Forscher der Universität Bonn identifizieren bei einem wichtigen Enzym eine unerwartete Doppelfunktion
Ein internationales Forscherteam hat in den Kraftwerken der Zelle, den Mitochondrien, eine unerwartete Entdeckung gemacht: Ein Enzym, das dort für die Vervielfältigung der DNA zuständig ist, kann zusätzlich defekte DNA abbauen. Diese Doppelfunktion lässt sich eventuell für die Therapie bestimmter Formen der Epilepsie nutzen.

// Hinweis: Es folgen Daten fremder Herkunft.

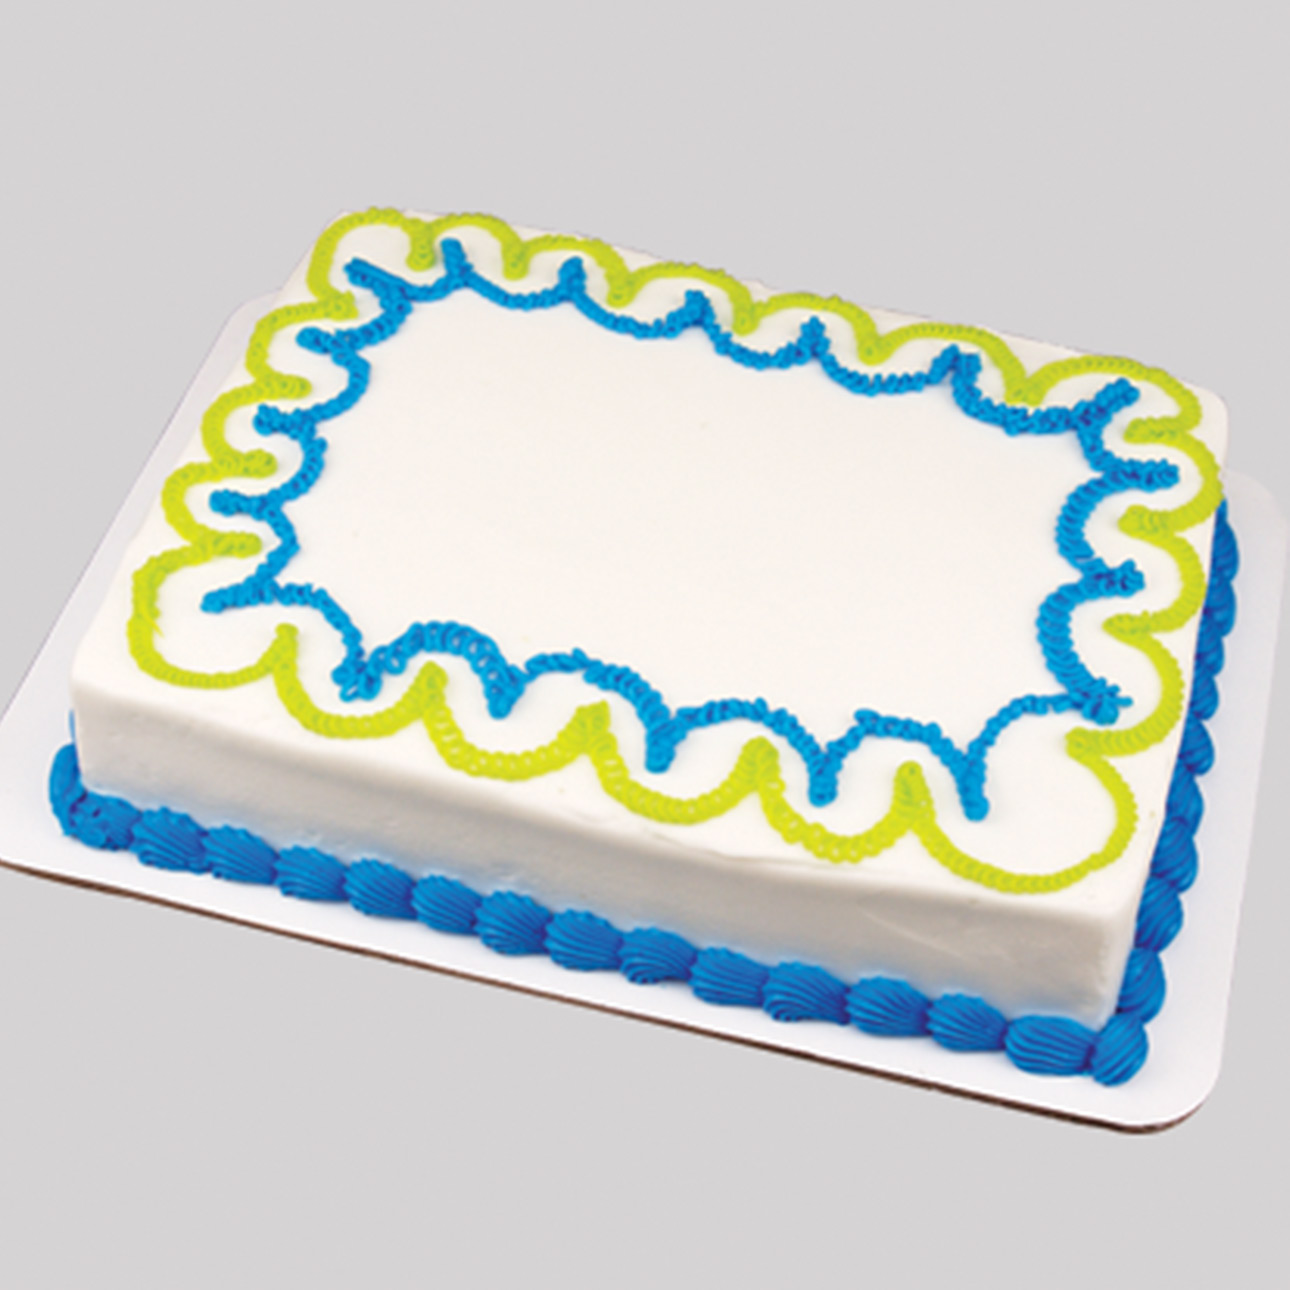 Piece of Cake Birthday Cake - Cute Buttons Gift and Paper Boutique

An der Studie unter Federführung der Universität Bonn waren auch Forscher der Universitäten Cambridge und Köln maßgeblich beteiligt. Die Ergebnisse erscheinen nun in der renommierten Fachzeitschrift Nature Communications.

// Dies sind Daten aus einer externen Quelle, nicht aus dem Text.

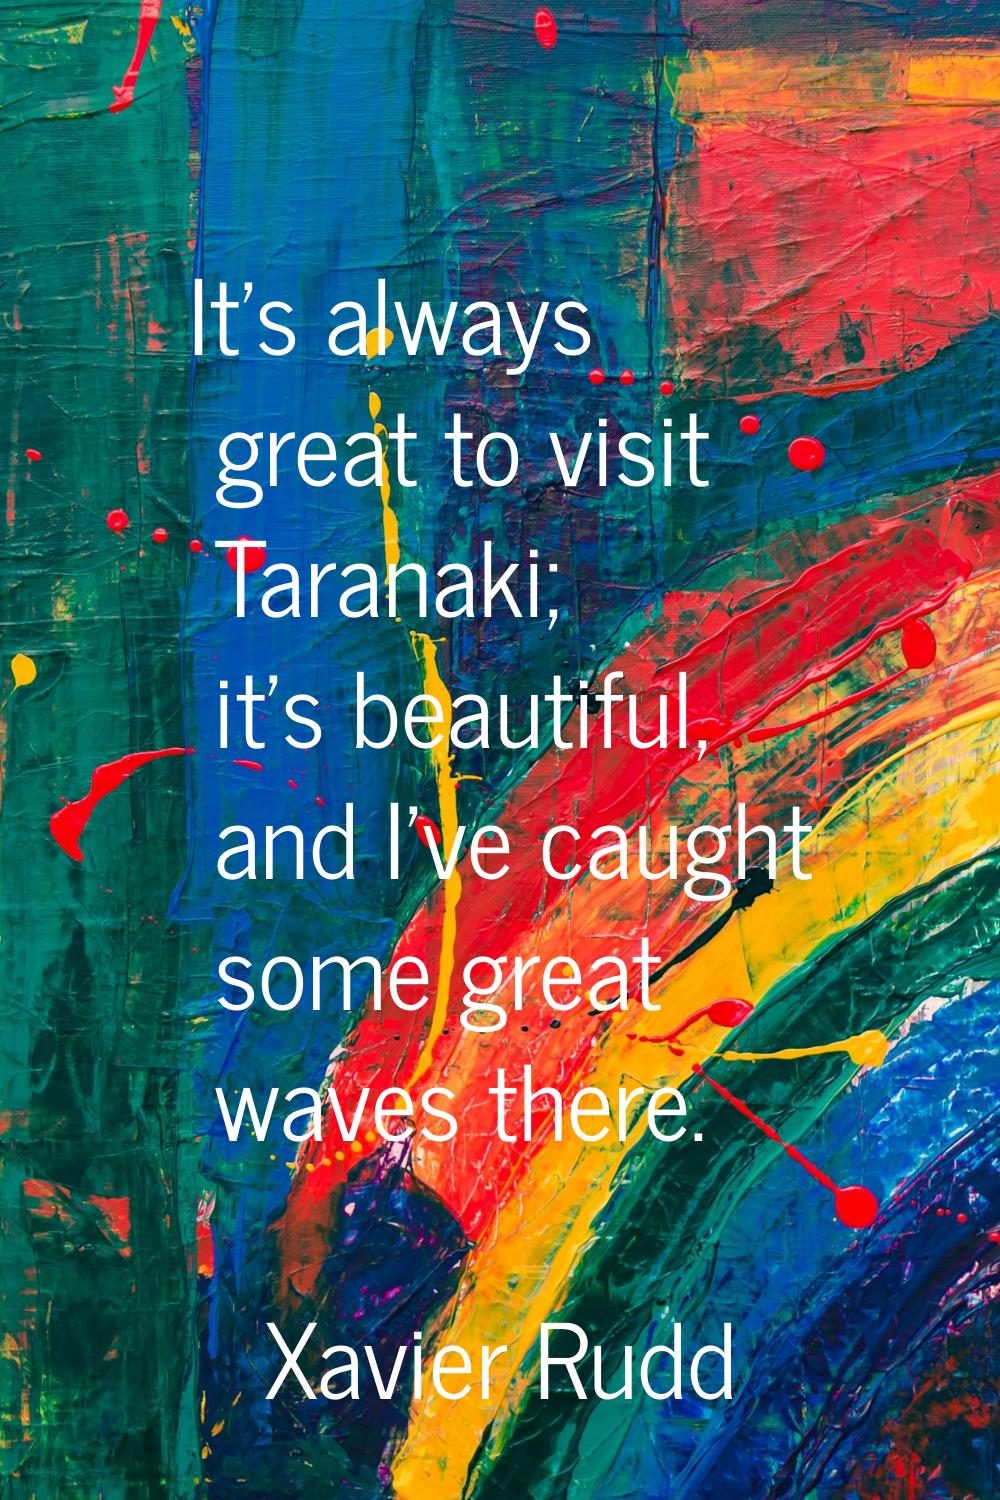 It's always great to visit Taranaki; it's beautiful, and I've caught some great waves there.

Mitochondrien sind Kraftwerke im Miniformat: Sie erzeugen Energie und sorgen so dafür, dass die Zellen ihre Funktionen erfüllen können. Die meisten Zellen enthalten zahlreiche Mitochondrien – manche sogar mehrere tausend. Die Zellkraftwerke verfügen über eine eigene DNA. In ihr ist die Bauanleitung verschiedener Enzyme gespeichert, die für die Energiegewinnung benötigt werden. Mitunter kann es zu Mutationen dieser DNA kommen. Die Mitochondrien können dann unter Umständen keine Energie mehr erzeugen. Je nach Zelltyp, in dem sie aktiv sind, können die Auswirkungen gravierend sein. In den Nervenzellen des Gehirns können mitochondriale Mutationen zum Beispiel Epilepsien auslösen.

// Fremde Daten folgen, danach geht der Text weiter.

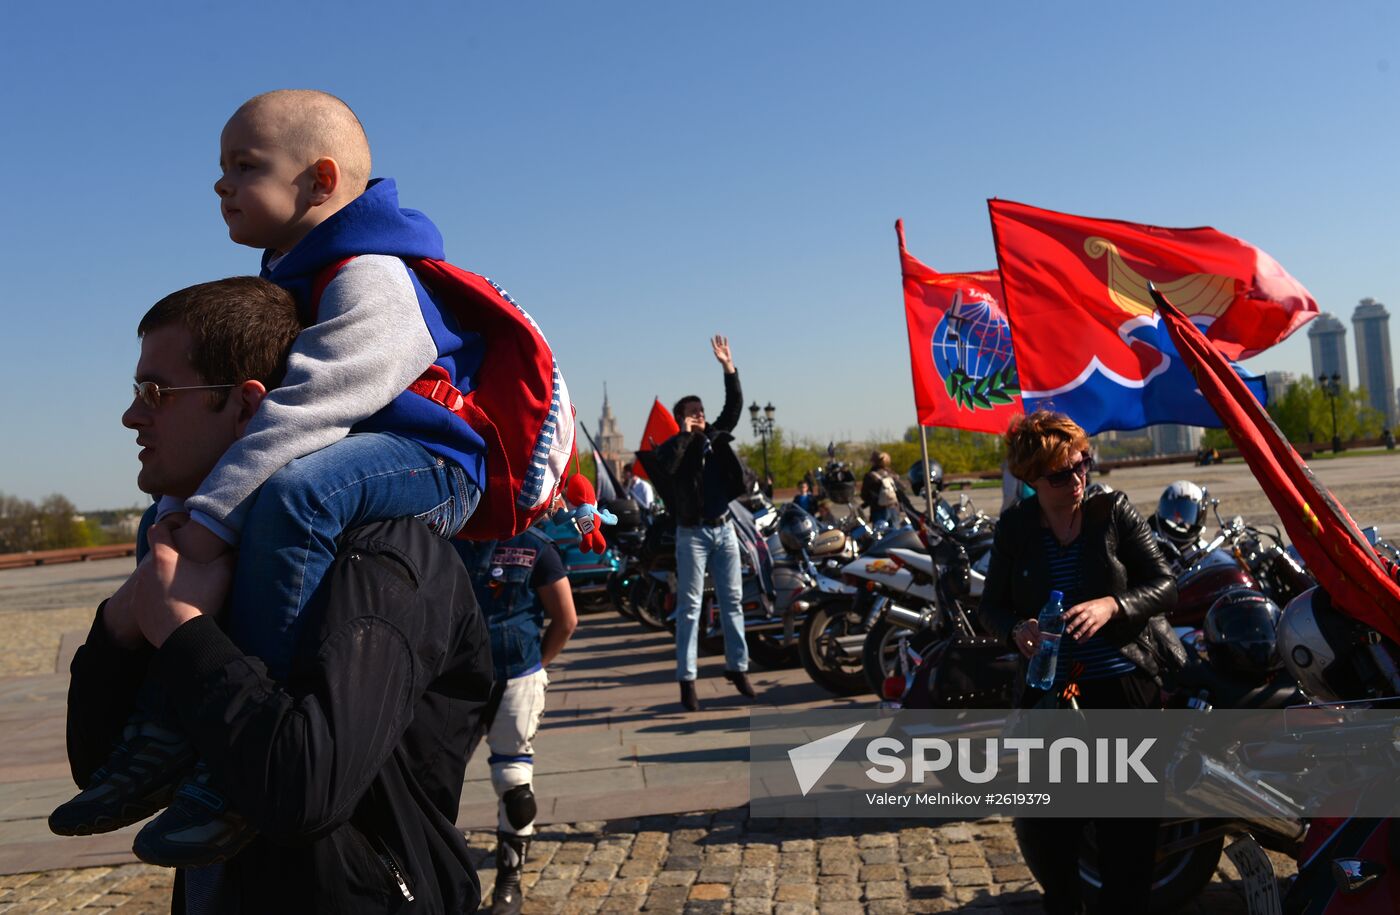 Participants in Our Great Victory motor rally welcomed in Moscow

Wissenschaftler suchen daher nach Methoden, die fehlerhafte DNA gezielt zu zerstören. Die verbliebenen intakten DNA-Moleküle könnten sich dann durch Teilung vermehren und in die Bresche springen. „Das ist ein neuer therapeutischer Ansatz, der im Moment erprobt wird“, erklärt Prof. Dr. Wolfram Kunz vom Institut für Experimentelle Epilepsie und Kognitionsforschung der Universität Bonn.
Zuerst die Schere, dann der Schredder
Die Forscher setzen dabei auf ein trickreiches Verfahren: Sie schleusen eine molekulare Schere in die Zellkraftwerke ein, die mutierte DNA erkennen und zerschneiden kann. Normalerweise ist mitochondriale DNA ringförmig. Durch den Schnitt wird der Ring jedoch geöffnet, und es entsteht eine Art Faden. Dieser wird dann in einem zweiten Schritt vollständig abgebaut. „Welche Komponenten für den Abbau verantwortlich sind, war allerdings bislang unbekannt“, betont Kunz.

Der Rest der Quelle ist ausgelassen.